** Input material follows **
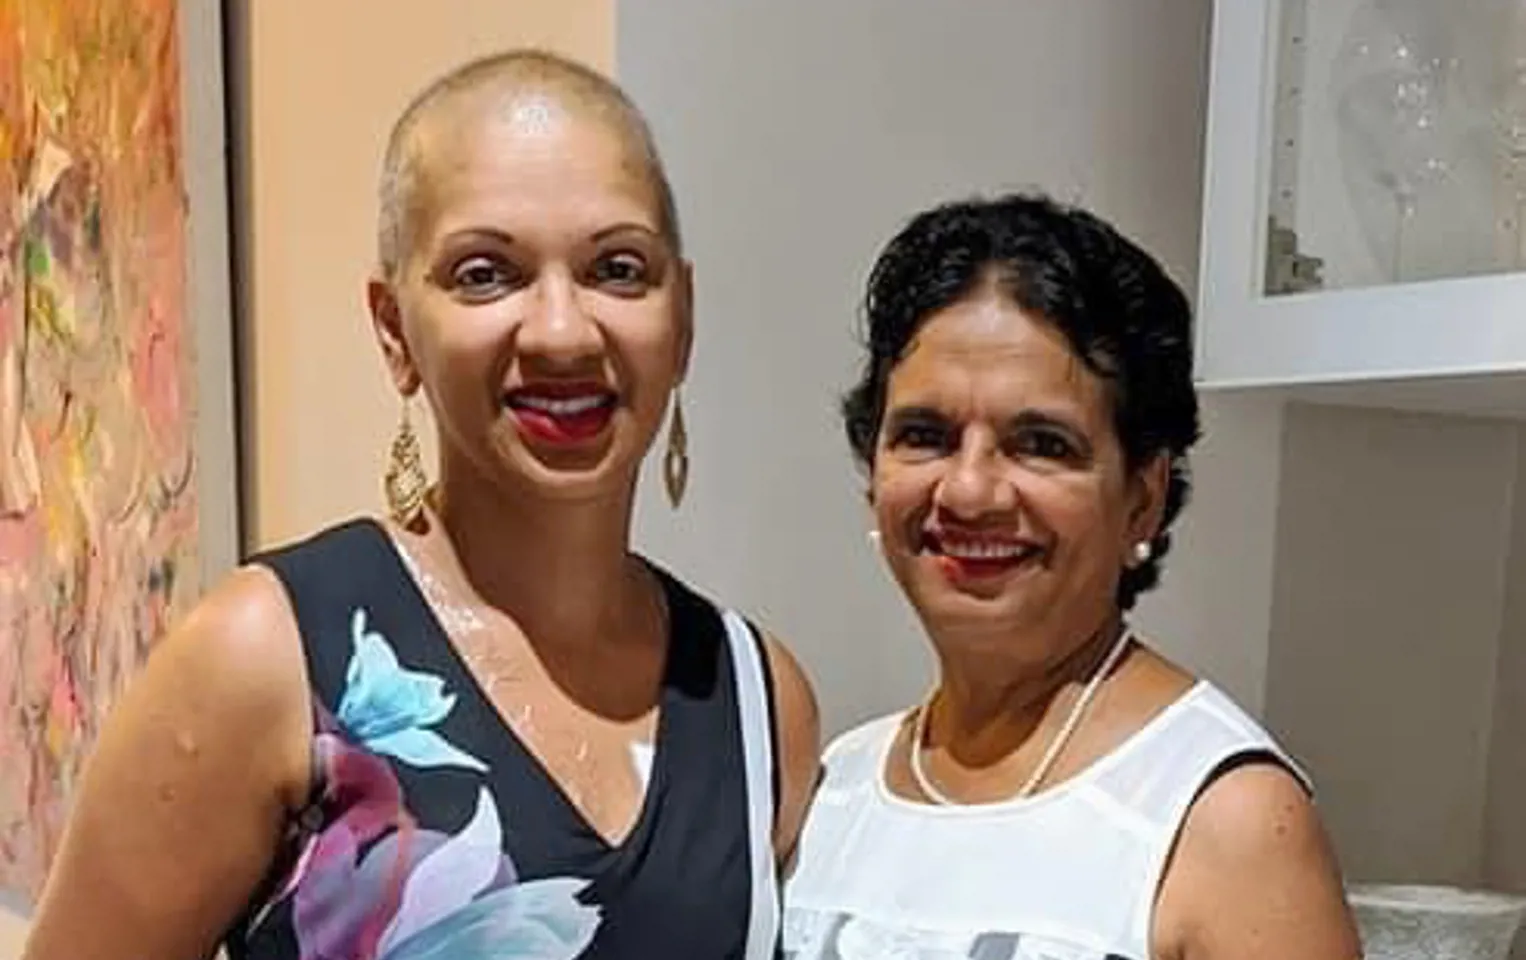 Dipthi with no hair in a floral dress standing next to her mother, they're both smiling at the camera
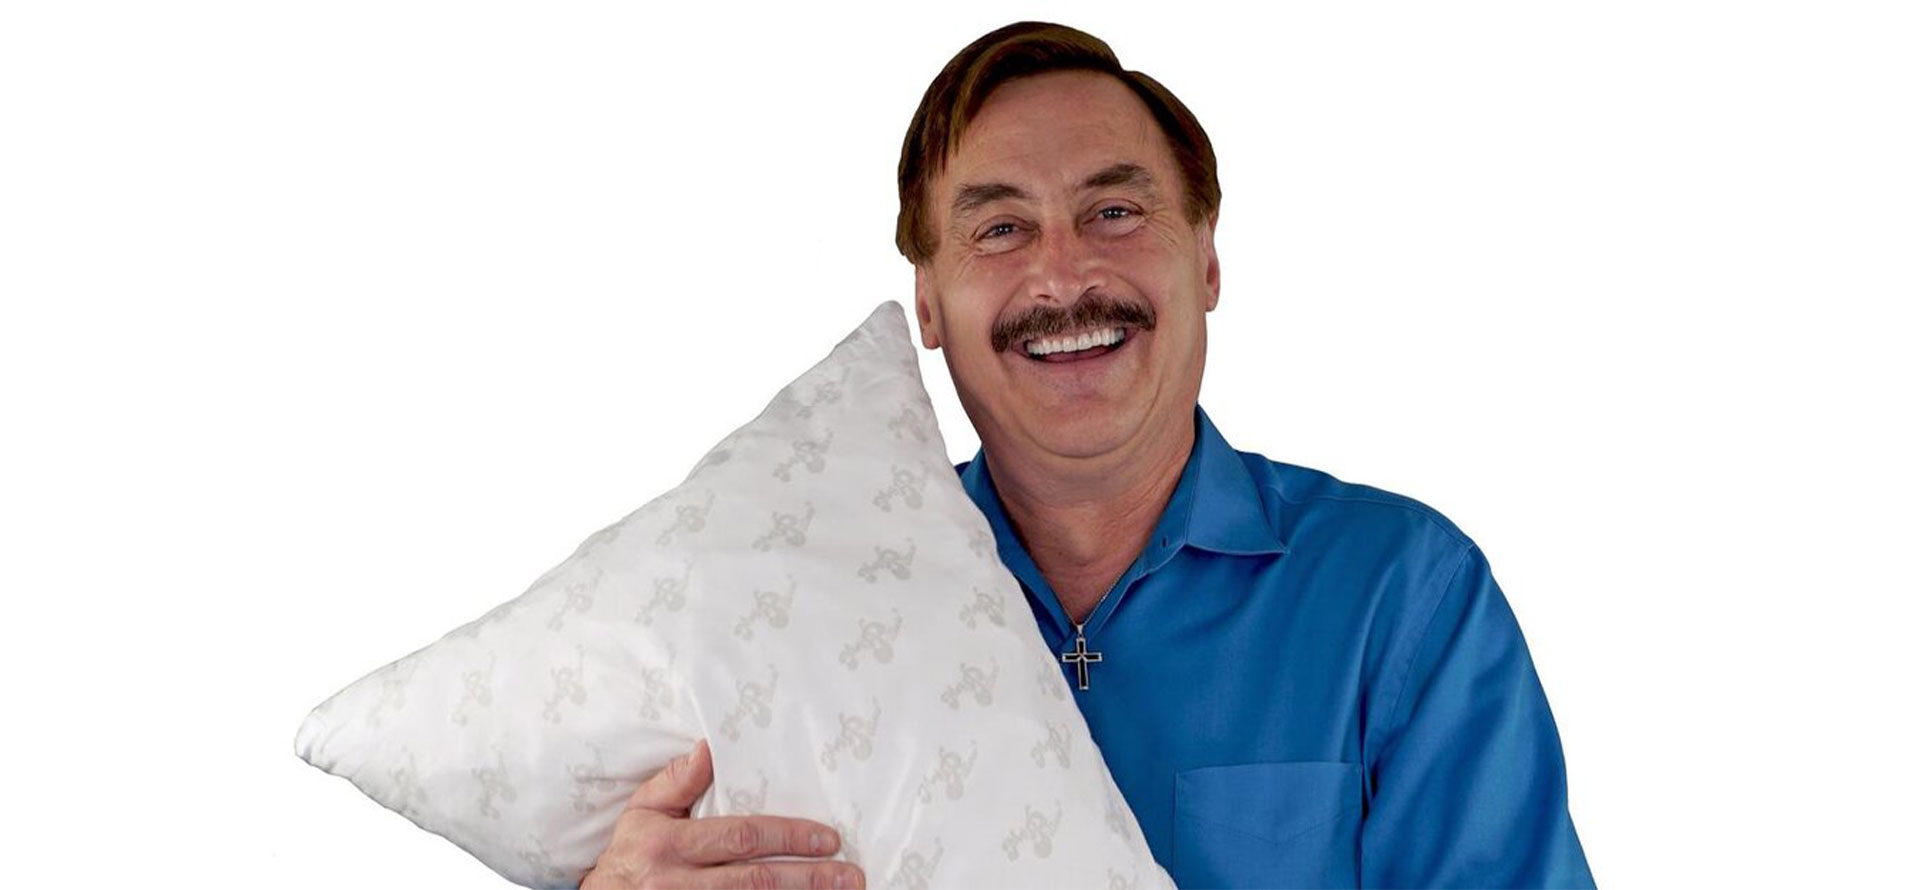 Man with My pillow.
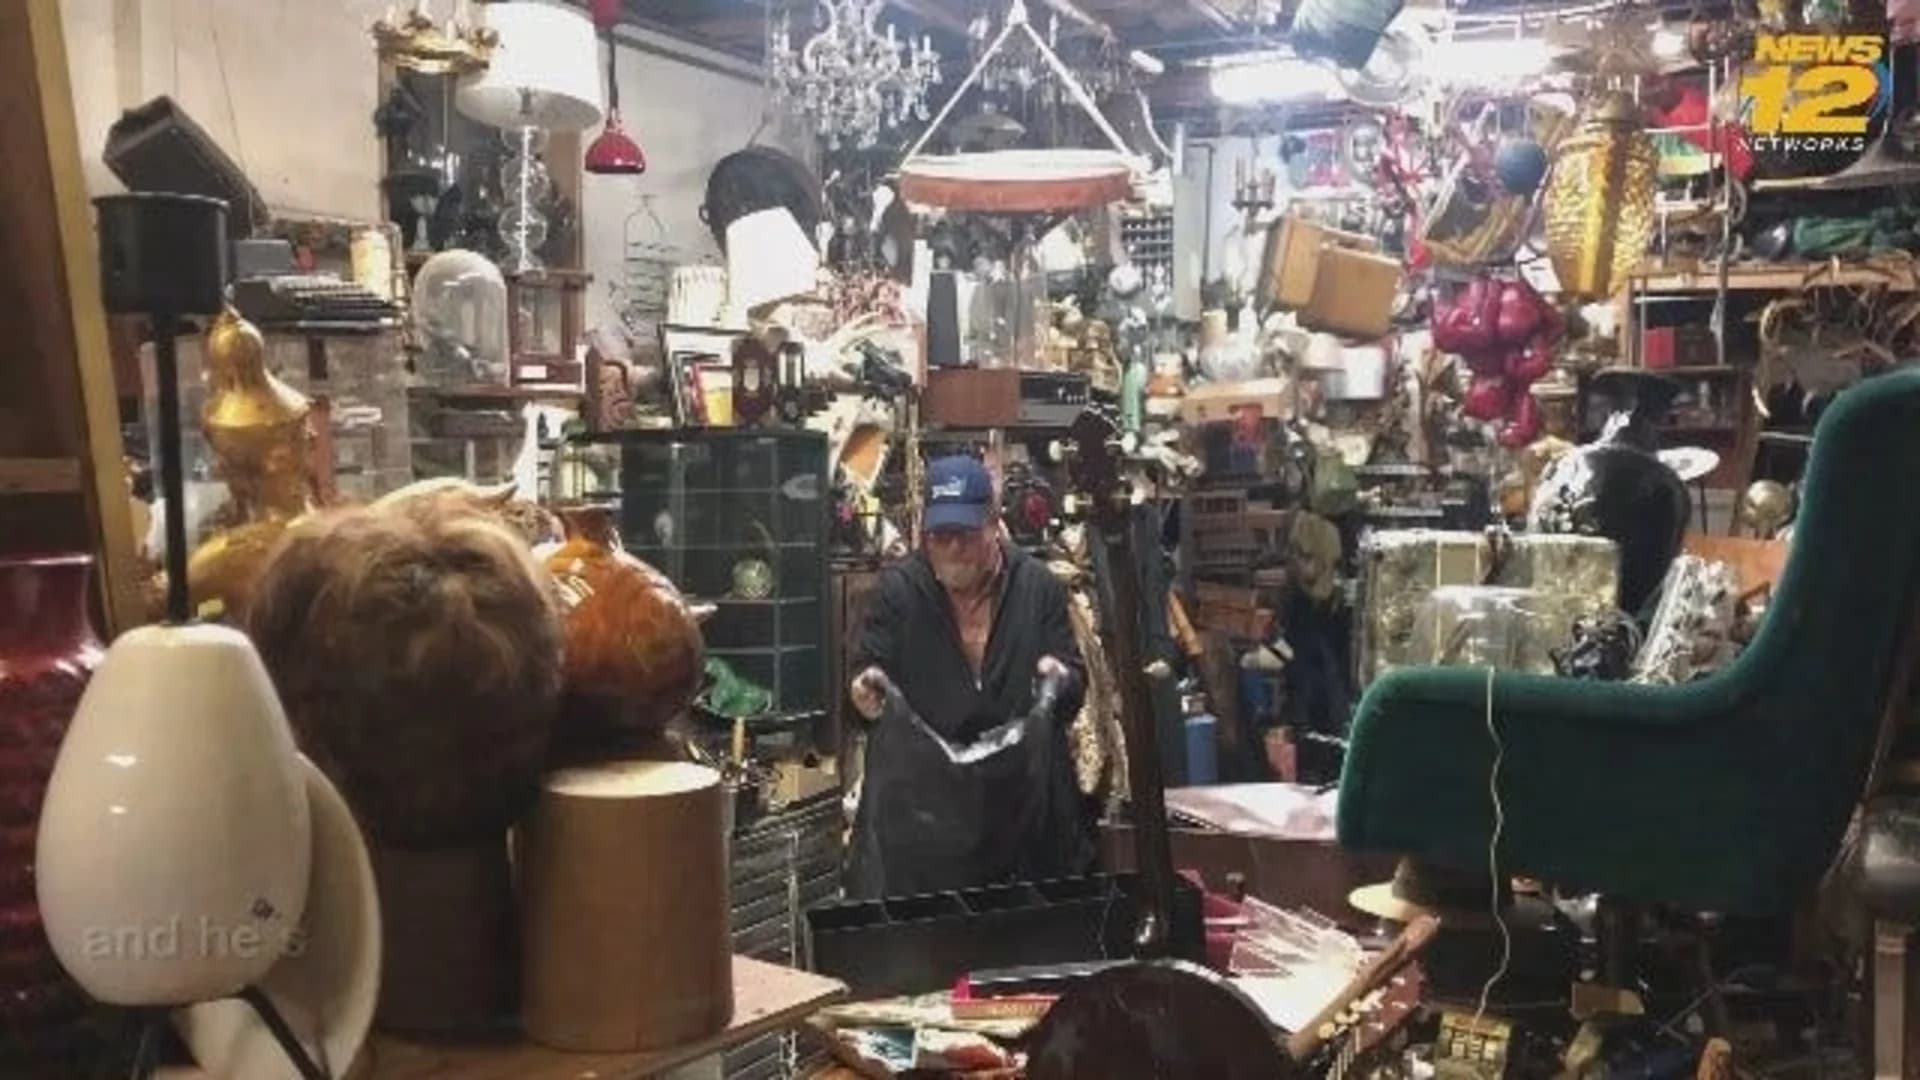 Bushwick vintage warehouse features thousands of one-of-a-kind items
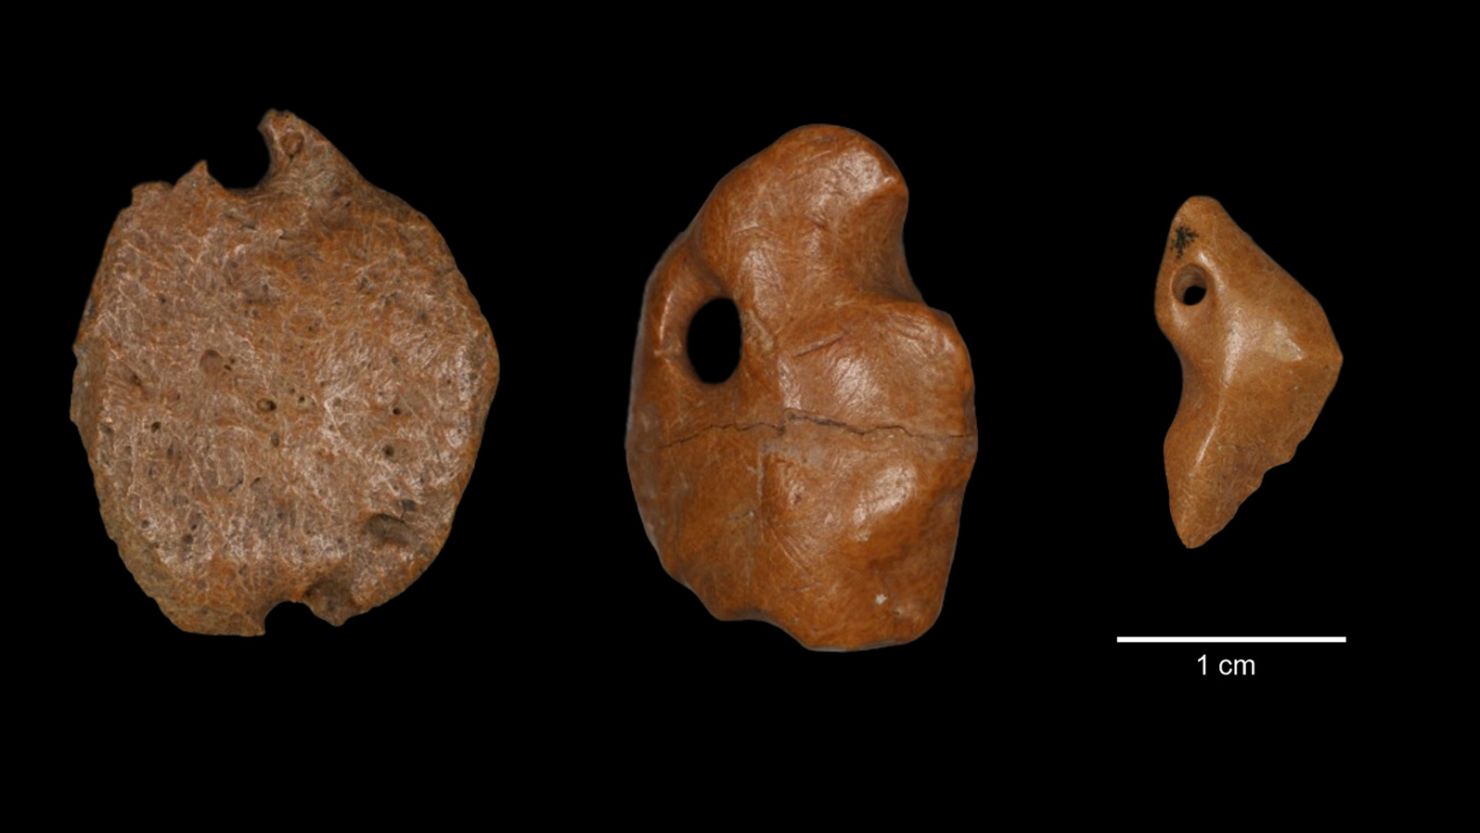 This image provided by researchers shows artifacts made of bony material from a giant sloth discovered at a rock shelter in Brazil, recovered from archaeological layers dated to 25,000 to 27,000 years ago. Research published Wednesday, July 12, 2023, in Britain's Proceedings of the Royal Society B journal, suggests humans lived in South America at the same time as now-extinct giant sloths, bolstering evidence that people arrived in the Americas earlier than once thought. (Thais Rabito Pansani via AP)
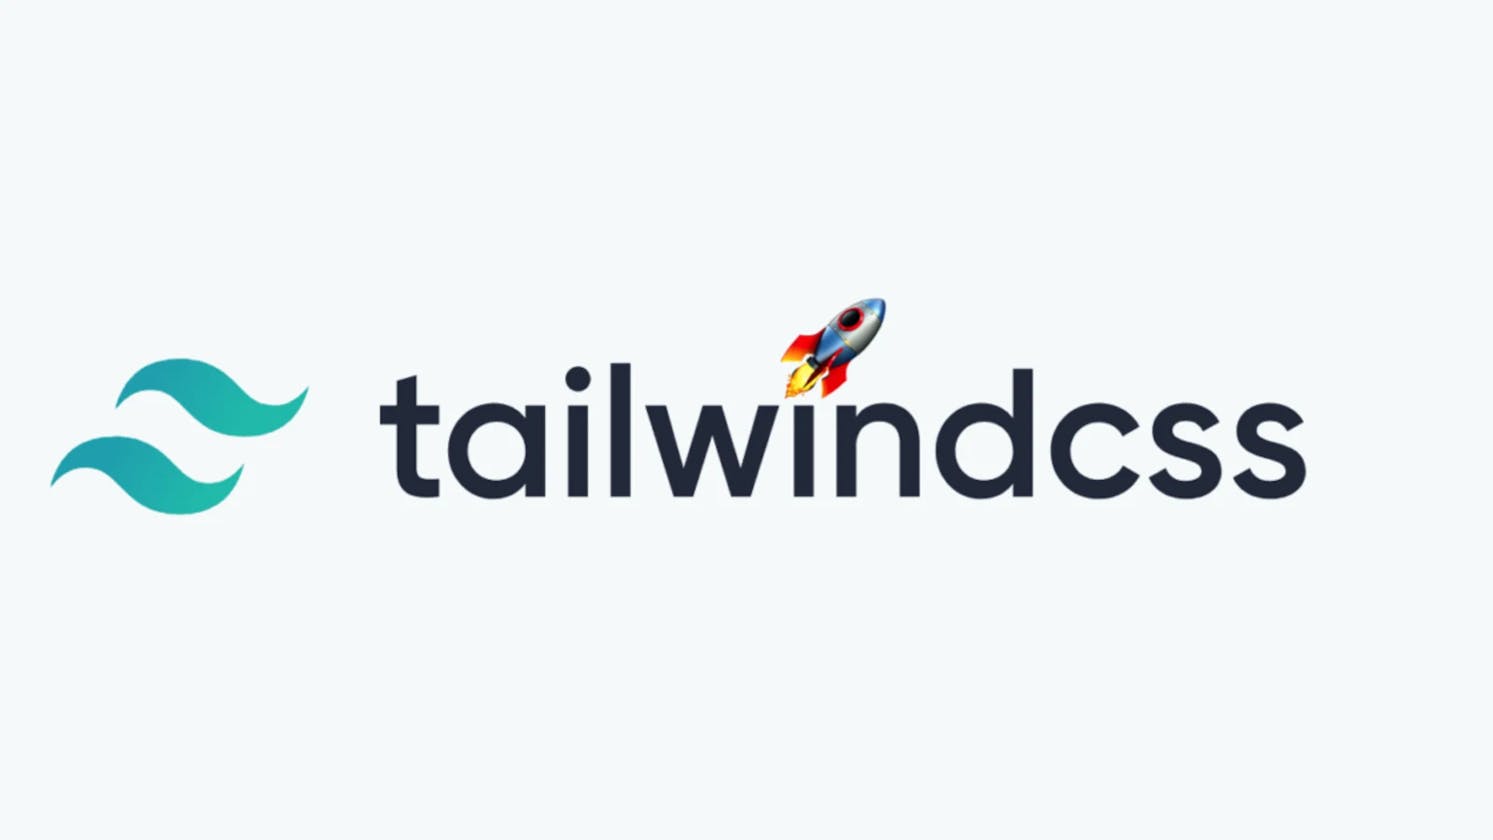 How to use background image in Tailwind CSS ?
** End of Input material **
= Task brief =
Each line above should be set down exactly as written, with pictures excluded.

= Response box =
 Dipthi with no hair in a floral dress standing next to her mother, they're both smiling at the camera
 Man with My pillow.
 Bushwick vintage warehouse features thousands of one-of-a-kind items
 This image provided by researchers shows artifacts made of bony material from a giant sloth discovered at a rock shelter in Brazil, recovered from archaeological layers dated to 25,000 to 27,000 years ago. Research published Wednesday, July 12, 2023, in Britain's Proceedings of the Royal Society B journal, suggests humans lived in South America at the same time as now-extinct giant sloths, bolstering evidence that people arrived in the Americas earlier than once thought. (Thais Rabito Pansani via AP)
 How to use background image in Tailwind CSS ?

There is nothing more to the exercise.